After reexpressing the data, at first glance, this display looks perhaps a little better than our original picture. Looking at the boxplots, we can see there are less outliers in the reexpressed data set. Although there is an improvement, the spreads of each batch are still not equal and there still seems to be a dependence between level and spread, Here, since this method did not work, we could try different methods of transformations such as the power family, log transformation, or ladders of powers.

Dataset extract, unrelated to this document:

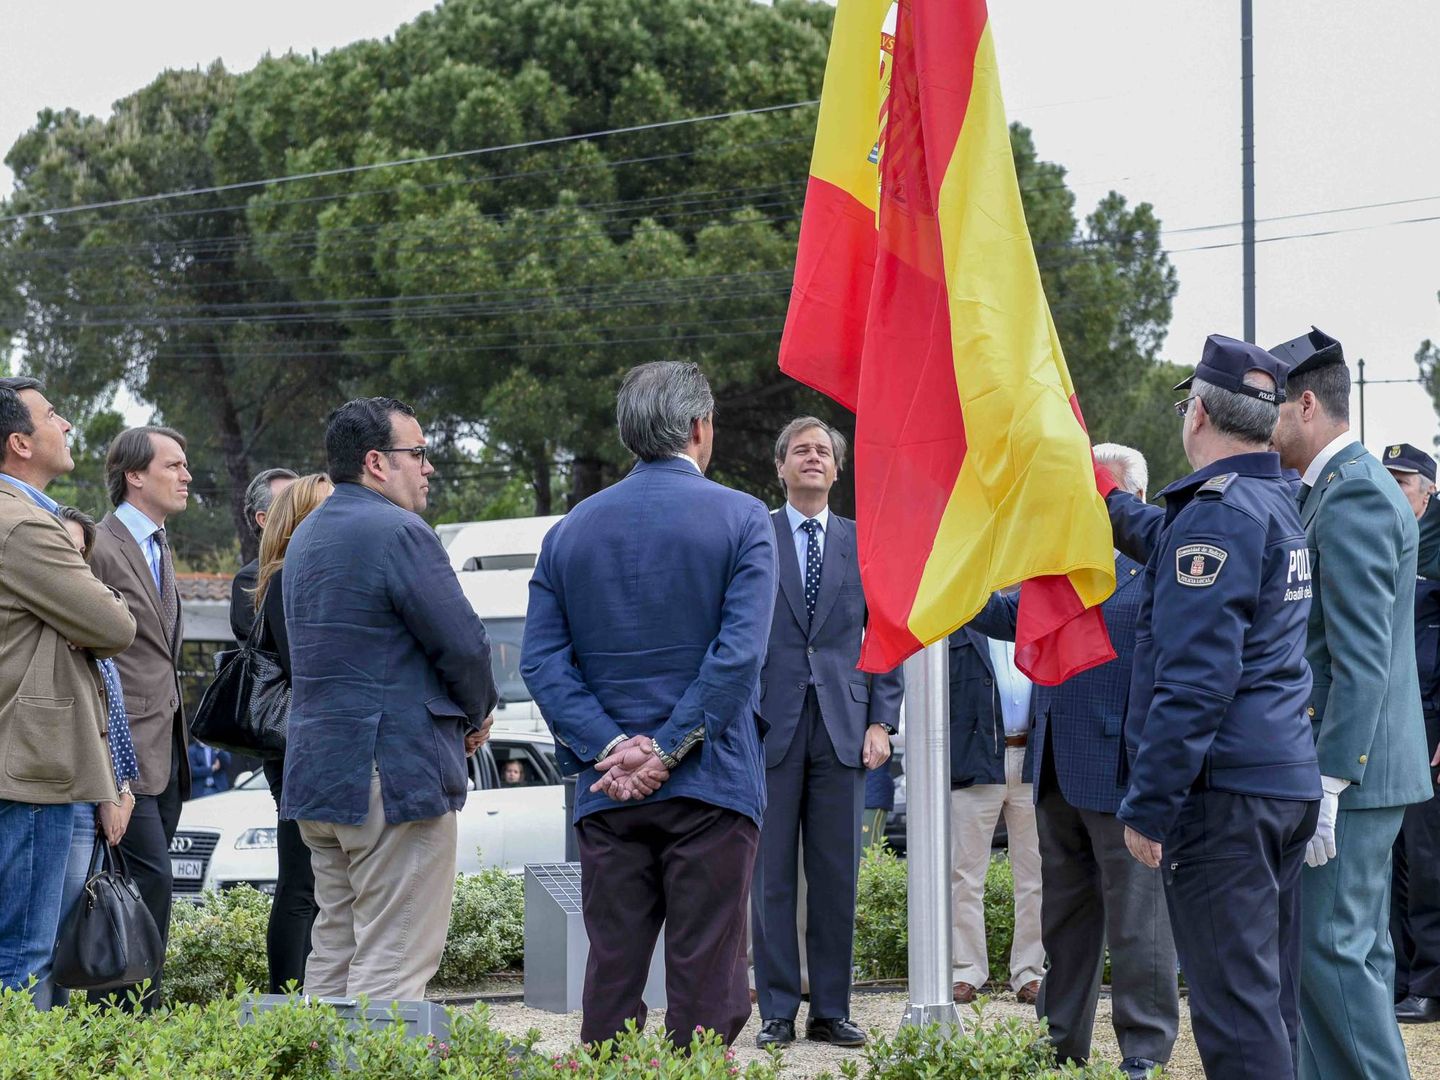 El alcalde de Boadilla, inaugurando una bandera de España en mayo de 2016 en una de las glorietas del municipio.

The most obvious differences between the oceans is the spread. In the original data set. Looking at the reexpressed boxplot, we can see that oceans with a lower median density like the Arctic also have a smaller spread. The same is true for the opposite, meaning that oceans that have a higher median density like the Carribean for example also have a larger spread. This implies that there still seems to be a dependence between level and spread. We can check out this point by performing a spread vs. level plot for the reexpressed data. We can see that there now is still a dependence between level and spread. The most obvious differences between the oceans is the spread. Some unusual data values of the reexpressed data set are 0.2956585 in the Arctic ocean (Baffin) and 0.4521517 (Wrangle). Moreover, comparing the spreads (dFs) side by side we see the largest spread in the original dataset is 58302.25/2565.50 = 4.67 times the smallest. Looking at the reexpressed data, the spreads range from 0.03819838 to 0.16121441, so 0.16121441/0.03819838 = 4.220 indicating a small improvement but it still is not ideal.